The 90-day Launch Planner
How to generate a personalized 90-day FBA launch playbook — budget, keywords, PPC, pricing, and a deterministic cash-flow projection — then track it as a live checklist.
What the Launch Planner builds
The Launch Planner turns four inputs — your product, budget, target price, and sourcing cost — into a complete 90-day playbook for getting an Amazon FBA product from inventory to steady sales. It's structured around four phases, each with weekly tasks: Pre-Launch (weeks 1-2), Launch (weeks 3-4), Optimization (weeks 5-8), and Scale (weeks 9-12).
Alongside the phase-by-phase plan you get a budget allocation, a keyword and PPC strategy, a pricing ramp, review milestones, an inventory plan, and a cash-flow projection. Lumai AI writes the strategy; the headline financial numbers are calculated deterministically from your inputs so the money math isn't a guess.
Generate a plan
- Open Sourcing → Launch Planner.
- Enter your product name and category. The more specific the product, the more relevant the keyword and PPC strategy.
- Enter your total launch budget — everything you're putting in up front: inventory, photography, listing, and launch promotions.
- Enter your target selling price and your sourcing cost per unit.
- Pick your experience level so the plan is pitched at the right depth.
- Generate. The plan opens with an executive summary, a risk read, and the full four-phase playbook.

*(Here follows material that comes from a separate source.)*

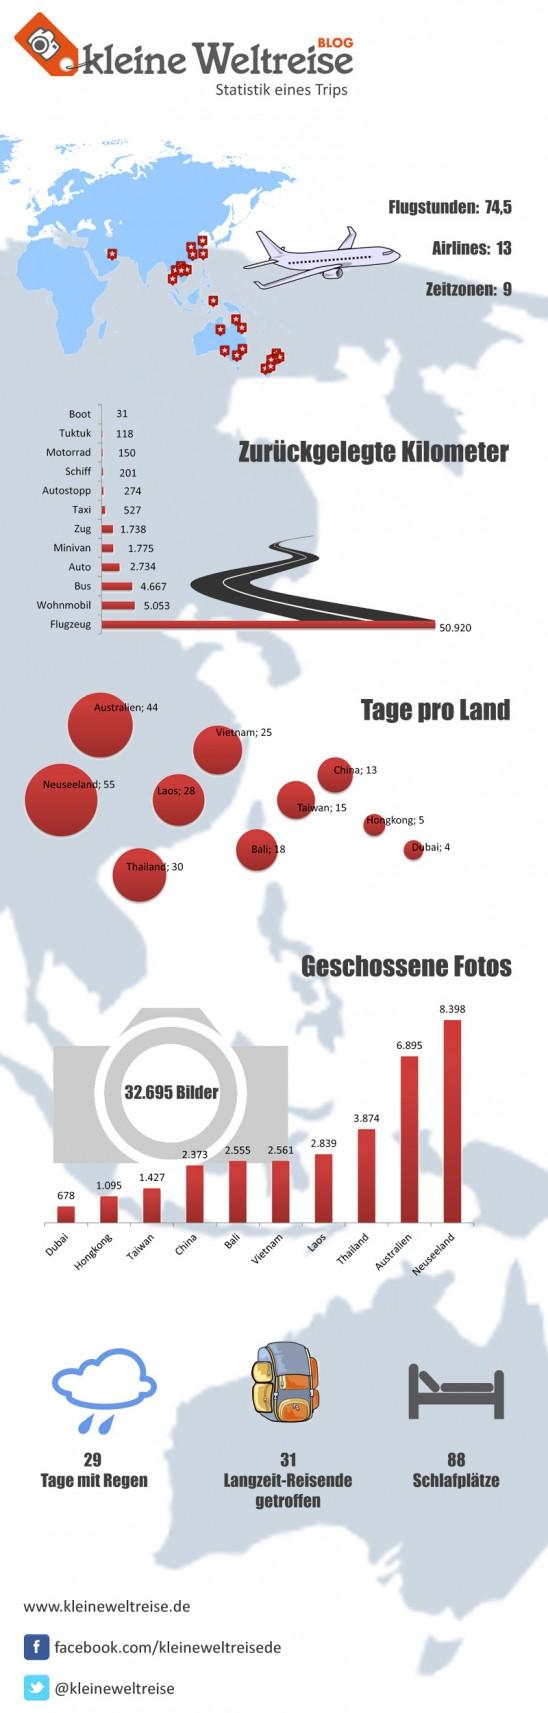 Infografik Statistik einer Weltreise

Where it can, Lumai AI grounds the plan in real data: measured Amazon search volumes shape the keyword strategy, and real category-aware FBA and referral fees feed the financials instead of a flat guess. If a data source isn't available for your product, the plan still generates — grounding improves it, its absence never blocks it.
The numbers: what's measured vs. estimated
This is the part to read carefully. The cash-flow projection, 90-day ROI, and payback period are computed deterministically from your inputs plus a few disclosed assumptions — not invented by AI. The biggest assumption is sales velocity: how many units per day you reach by month three. That's the one genuinely unknowable input, so it's shown openly and you can edit it.
- Measured / deterministic — budget deployed up front, Amazon fees per unit, profit per unit after fees, monthly cash flow, 90-day ROI, and payback period.
- Editable assumptions — your month-3 units-per-day target, the ramp across months 1-2, and PPC as a percentage of revenue.
- AI narrative — success probability, the written strategy, risk factors, and any qualitative commentary. Treat these as a judgment to weigh, not a guarantee.
In the Cash Flow tab you can change the velocity and PPC assumptions and the projection recalculates instantly — no AI call, no quota used. Run it pessimistic and optimistic to see the range, not just the headline.
Work the plan as a checklist
Every plan includes a launch checklist tagged by phase and priority. As you complete items, tick them off — your progress is saved against the plan, so you can close the tab and pick up exactly where you left off. The checklist is the operational layer: it's what turns the strategy into a week-by-week to-do list.
Your generated plans are kept in history, so you can revisit a past launch, reuse a structure for a similar product, or compare how two candidates' financials stack up before you commit budget to one.
Where it fits in your sourcing flow
The Launch Planner sits at the end of the sourcing journey. A typical path: validate the product in the Product Validator, find a source in the Supplier Finder to lock in your real sourcing cost, then bring that cost into the Launch Planner so the budget and cash-flow math reflect what you'll actually pay. From there, the Monitoring tools track BSR and Buy Box once the product is live.